A corresponding report from the Houston Association of Realtors indicates a 45% decrease in sales of homes valued at $150,000 and $250,000. Homes priced above $250,000 experienced a 27% reduction in sales during November.

Townhome and condo sales also dropped 35% in November 2022.

Nationwide, mortgage rates are currently double what they were in 2021, while home prices remain stable. This has created caution on the part of buyers, who’d rather wait for cheaper prices.

As a result, there’s a high demand for rentals at present.

These are all signs that the Houston housing market is normalizing when compared to the unusual conditions of the last two years.

Jennifer Wauhob of the Houston Association of Realtors, emphasizes that a 30% drop in sales isn’t so scary when one considers the abnormal excesses of 2021 transactions.

Year-on-year, Houston home sales are down almost 9% in 2022. This places November’s numbers just off the sales figures recorded in 2018 before the onset of the pandemic.

Other good news is that Houston’s housing inventory has improved. Now there is almost 3 months’ worth of housing available for sale.

A shortage of inventory in the past few years was a major driver behind soaring prices and bidding wars on available homes.

Expert realtors view six months of inventory as conducive to a balanced market. So, this increase is a step in the right direction for Houston real estate.

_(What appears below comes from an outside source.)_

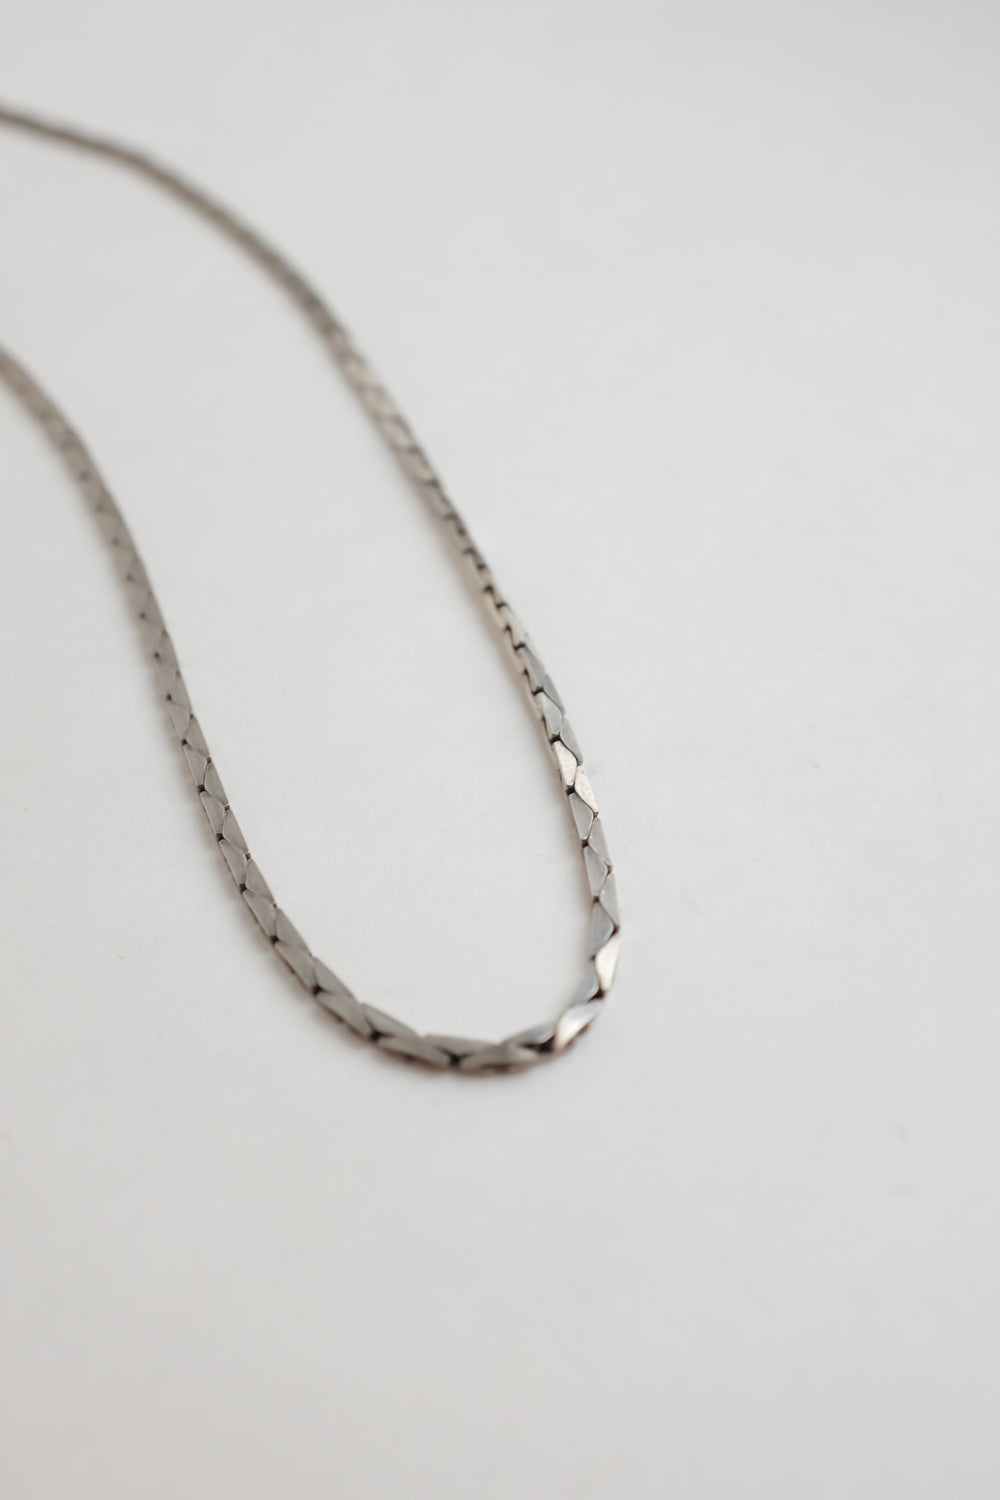 CLASSY STERLING SILVER 925 VINTAGE NECKLACE

Sales might have dropped, but home prices are still on the rise throughout the Houston metro. In November, prices were still around 6% higher when compared to the previous year.

January 2023 saw similar increases, with housing prices escalating by around 6%. Homes are staying on the market longer, too, causing sellers to lower their prices or remove their homes from the market.

The average single-family home lingers for around 45 days before it sells, ten days longer than in November 2021.

Despite the slowdown in the market, Houston is standing up well to the slump when compared to similar cities. Other large metros have seen dramatic price decreases in the last eight months.

Houston Housing Market Key Takeaways

Overall, the Houston housing market has a favorable outlook. It’s still one of the more affordable cities to live in since real estate prices never reached the extremes seen in Austin and other Texas cities.

Houston escaped a huge influx of buyers from high-priced areas between 2020 and 2022, which helped keep home prices lower.

There’s still much uncertainty surrounding the future of real estate in Houston, although some constants remain. These are:

  • Seasonal fluctuations
  • High buyer interest in the suburbs
  • Steadily decreasing prices
  • Increasing inventory
  • Significant value

Overall, these factors point to a steadily normalizing situation, which bodes well for stability in the real estate market. Realtors agree that increasing inventory levels coupled with steady buyer demand are signs of a healthy market undergoing a slight adjustment.

Home sellers might not enjoy the massive profits and fast sales we’ve seen in recent times, but they’ll still achieve a satisfactory outcome when placing their homes on the market.